▸ Work to complete: Word for word, copy all the data and drop the pictures.

▸ Data segment:
* * * * * * *
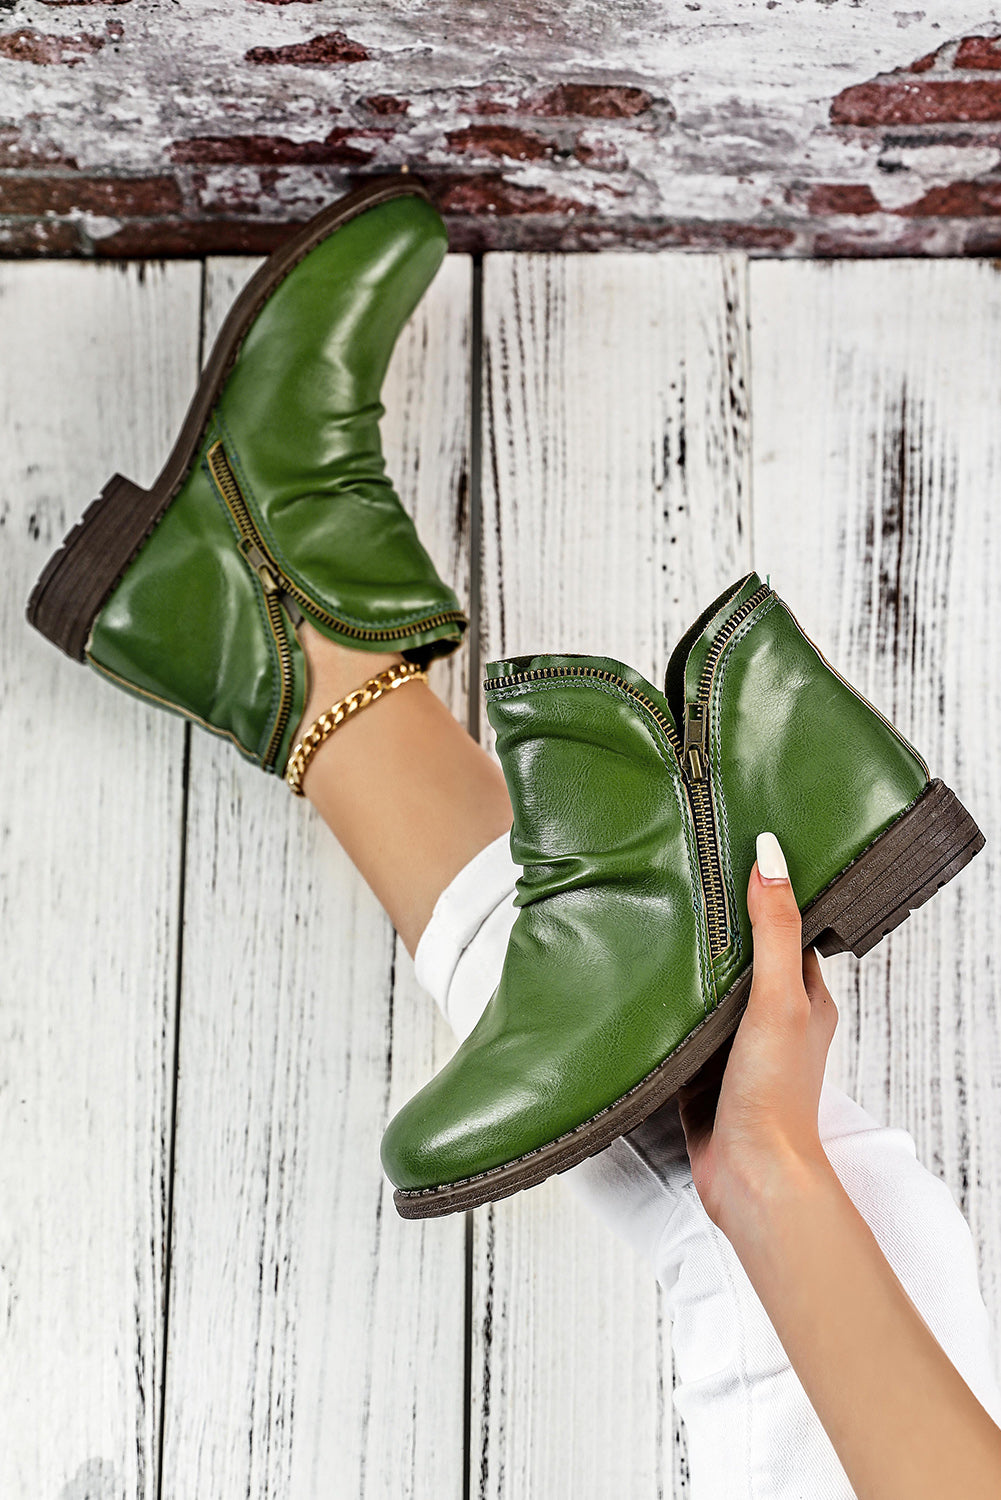 BH02143-9-37, BH02143-9-38, BH02143-9-39, BH02143-9-40, BH02143-9-41, BH02143-9-42, Green  Women Boots PU Leather Ankle Boots Waterproof Short Boots
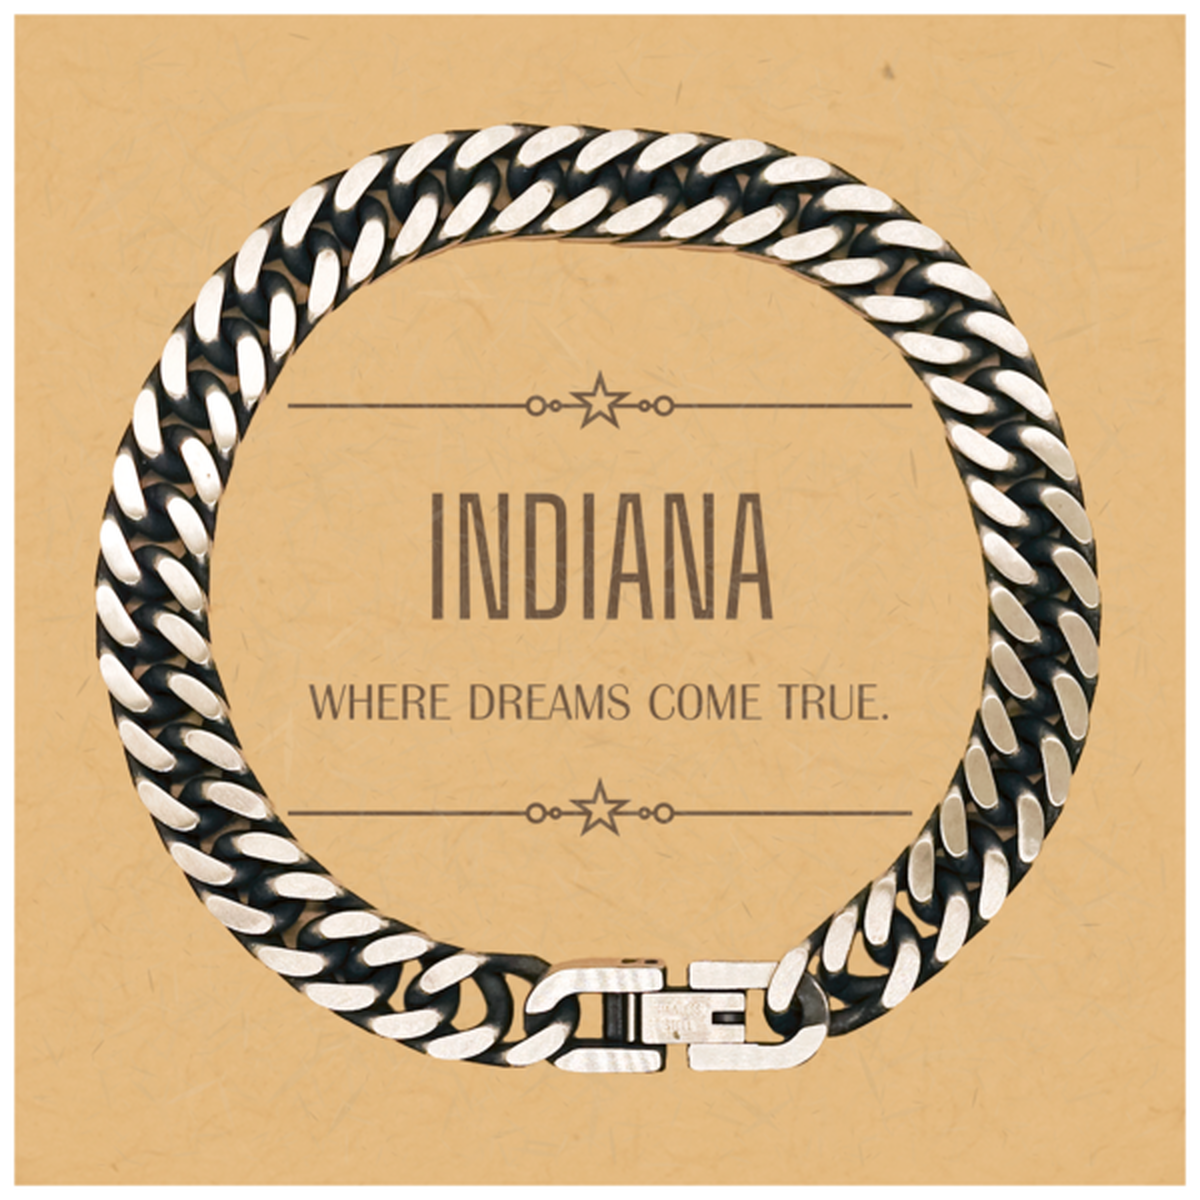 Love Indiana State Cuban Link Chain Bracelet, Indiana Where dreams come true, Birthday Christmas Inspirational Gifts For Indiana Men, Women, Friends
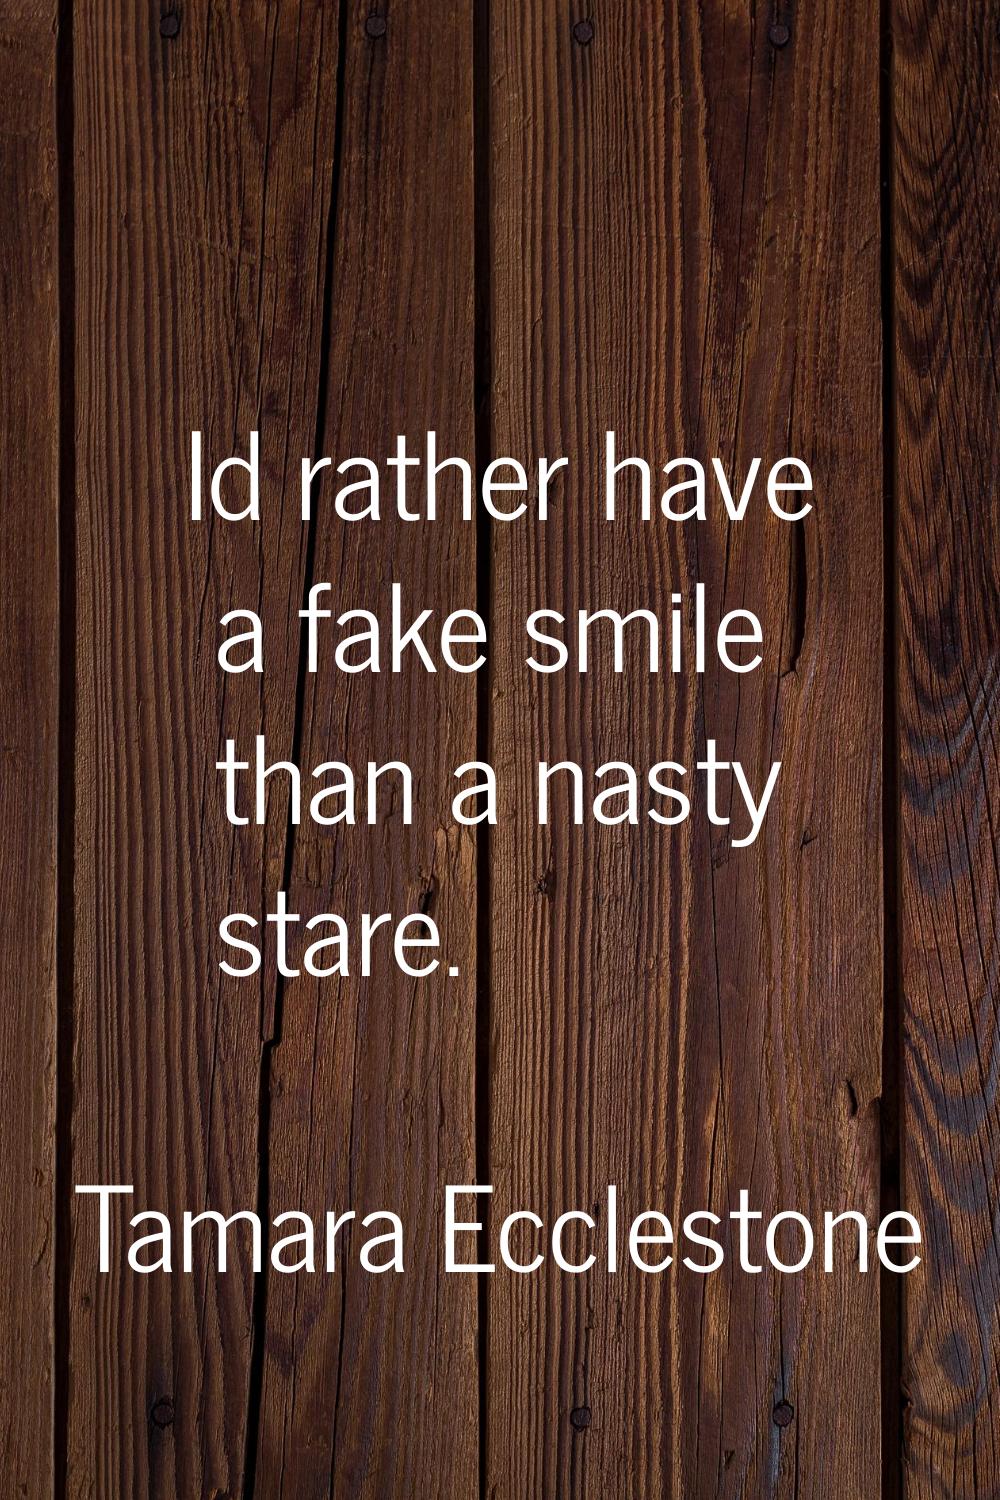 Id rather have a fake smile than a nasty stare.
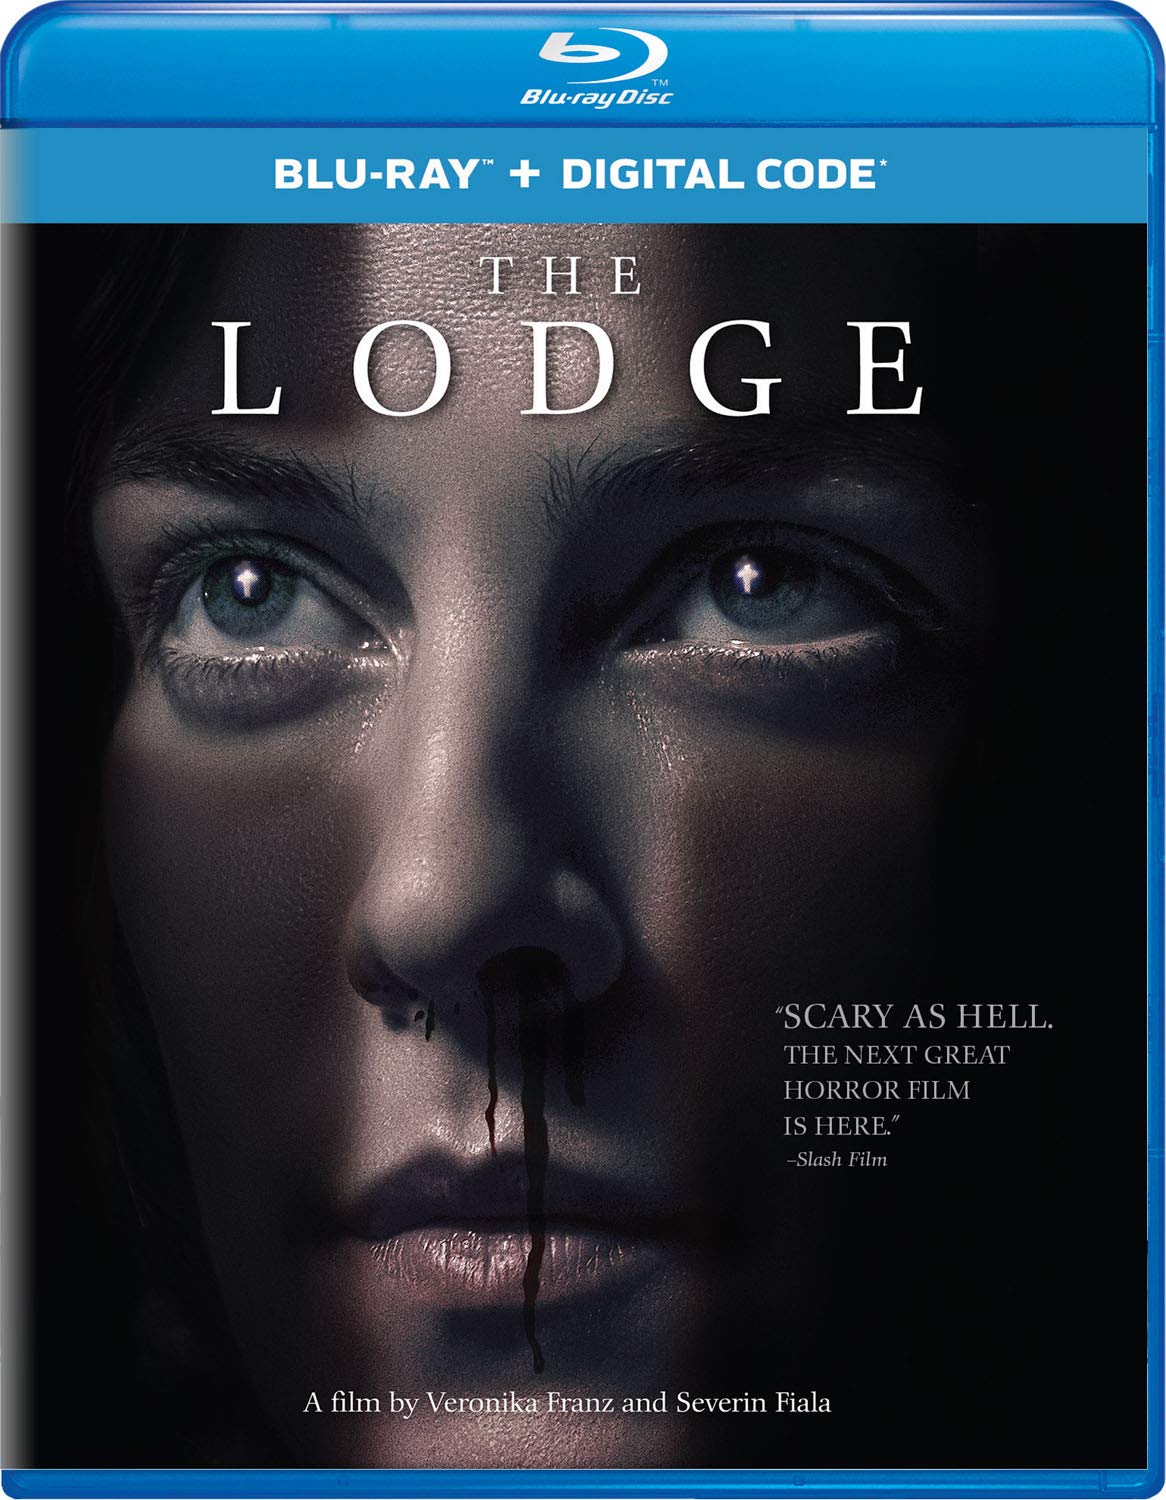 The Lodge DVD Release Date May 5, 2020
* * * * * * *
▸ Response to the task:
 BH02143-9-37, BH02143-9-38, BH02143-9-39, BH02143-9-40, BH02143-9-41, BH02143-9-42, Green  Women Boots PU Leather Ankle Boots Waterproof Short Boots
 Love Indiana State Cuban Link Chain Bracelet, Indiana Where dreams come true, Birthday Christmas Inspirational Gifts For Indiana Men, Women, Friends
 Id rather have a fake smile than a nasty stare.
 The Lodge DVD Release Date May 5, 2020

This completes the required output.